Simulated MER wheel illuminated by the UV-enriched light beam within the Mars chamber. (A) Thermocouples (e.g., lane 8) were attached to the top, side, and bottom lanes of the wheel to confirm that the UV light did not significantly raise the surface temperature of the rover wheel. Tests for up to 24 h indicated only a 1–2°C increase in temperature for lanes directly illuminated with the UV-enriched light. Each lane is designated as indicated, and all tests were run with lane 15 contacting the liquid nitrogen cold plate. (B) Milling artifacts (arrows) were present on all lanes. Grooves are shown for lanes 7 and 8 (left and right lanes, respectively). Color images available online at www.liebertonline.com/ast

A 60 mL spray bottle was sterilized for 16–24 h in 70% ethanol and rinsed three times in SDIW. Endospores of B. subtilis were added to 20 mL of SDIW to yield a final concentration of 2×10⁵ spores/mL. For each repetition of the experiment, a set of three T=0 control samples were assayed with a most probable number (MPN) procedure (Koch, 1994; Mancinelli and Klovstad, 2000; Schuerger et al., 2003). Briefly, 1 mL of each sample was pipetted into a test tube containing 9 mL of 1×phosphate-buffered saline (8 g NaCl, 0.2 g KCl, 1.44 g Na₂HPO₄, 0.24 g KH₂PO₄, and 1 L 18 MΩ H₂O and titrated to a pH of 7.4).
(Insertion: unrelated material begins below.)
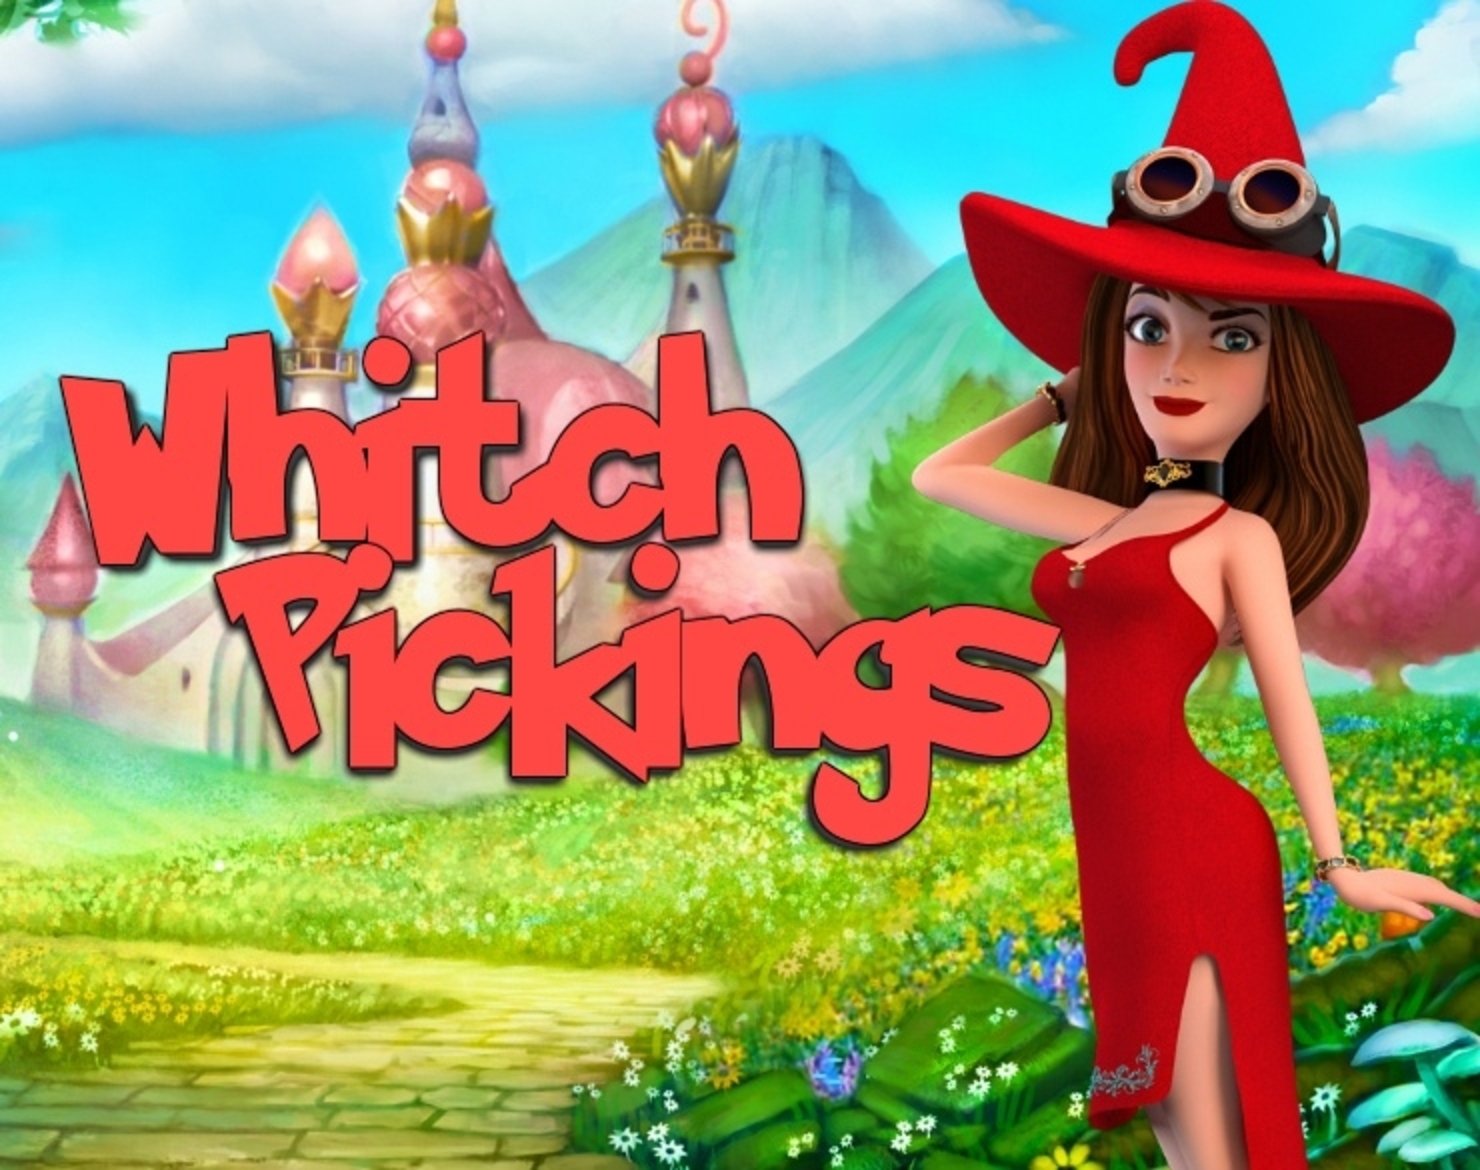 Witch Pickings demo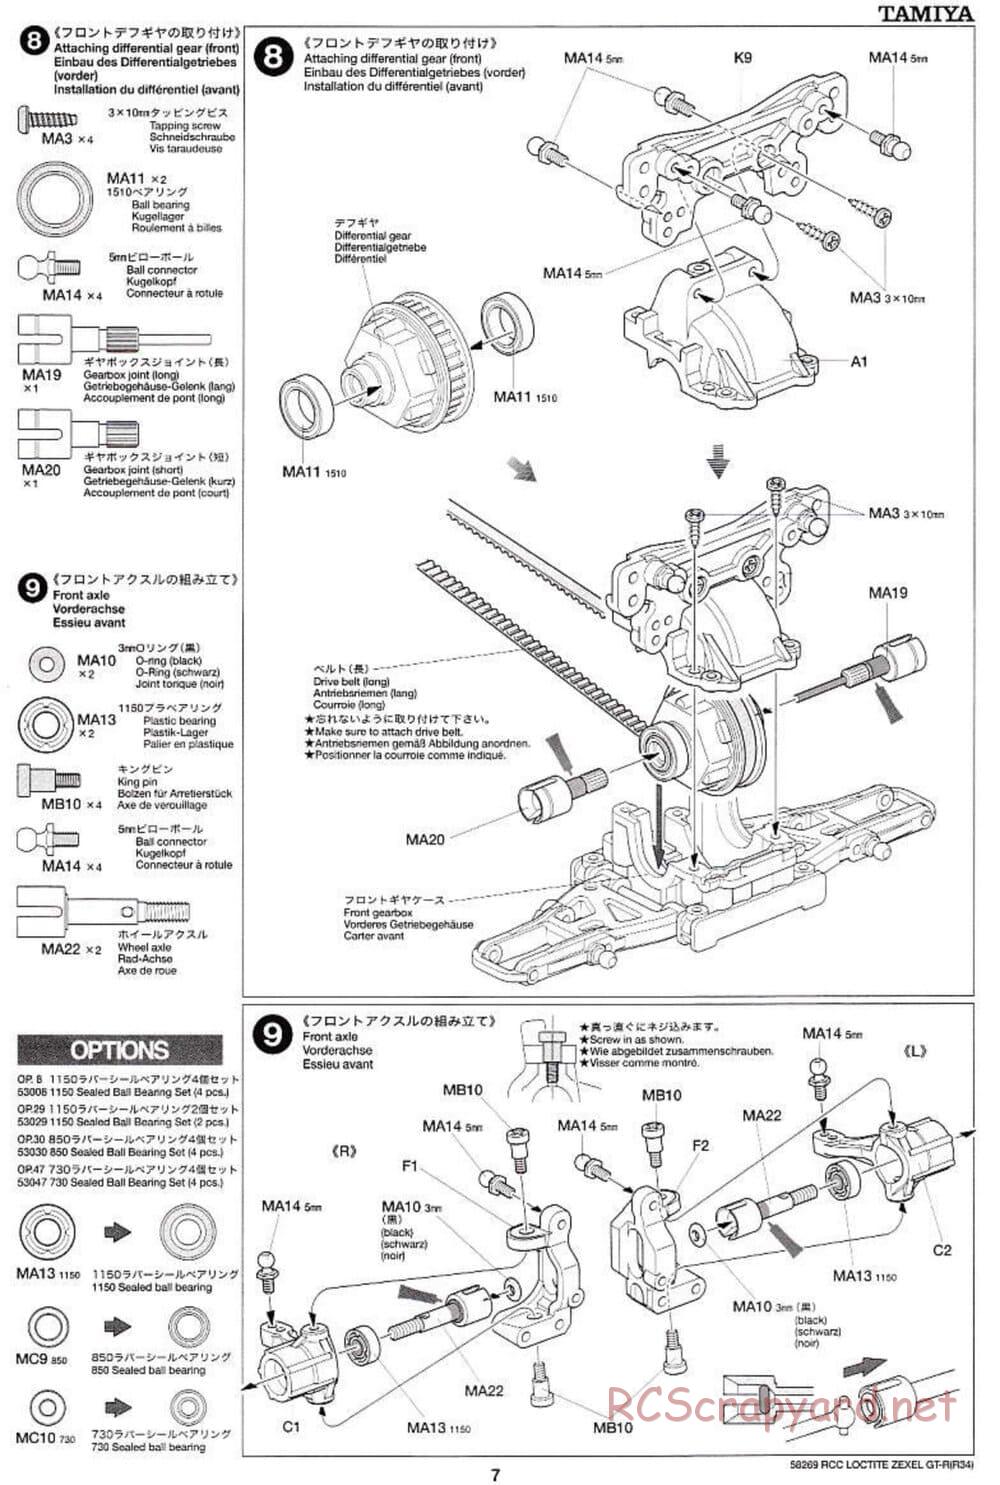 Tamiya - Loctite Zexel Skyline GT-R (R34) - TA-04 Chassis - Manual - Page 7

Tubes were shaken for 2 min at 250 rpm on an Innova 2000 platform shaker (New Brunswick Scientific, Edison, NJ, USA). For each sample, a series of five, 10-fold dilutions were made in SDIW. Twenty microliters of each dilution, including the original sample tube, were pipetted into each of 16 wells of a 96-well microtitre plate previously filled with 180 μL of tryptic soy broth (TSB, Difco medium). All plates were incubated at 30°C for 48 h. Following incubation, the numbers of wells that exhibited positive growth were counted and the values converted into three-digit codes. The codes were used to generate MPN estimates of surviving bacterial cells in 1 mL of the original sample. When extremely low numbers of surviving endospores were anticipated for specific treatments, a second 96-well plate with 180 μL of TSB per well was inoculated with 20 μL per well from the original extraction fluid (i.e., no dilutions), and incubated at 30°C for 48 h. The numbers of positive wells were counted, and total viable endospores per sample were estimated based on the total volume of extraction fluid dispensed into the 96 wells (i.e., 1.96 mL dispensed into 96 wells). The minimum detection limit for the MPN assay was five endospores of B. subtilis per wheel lane.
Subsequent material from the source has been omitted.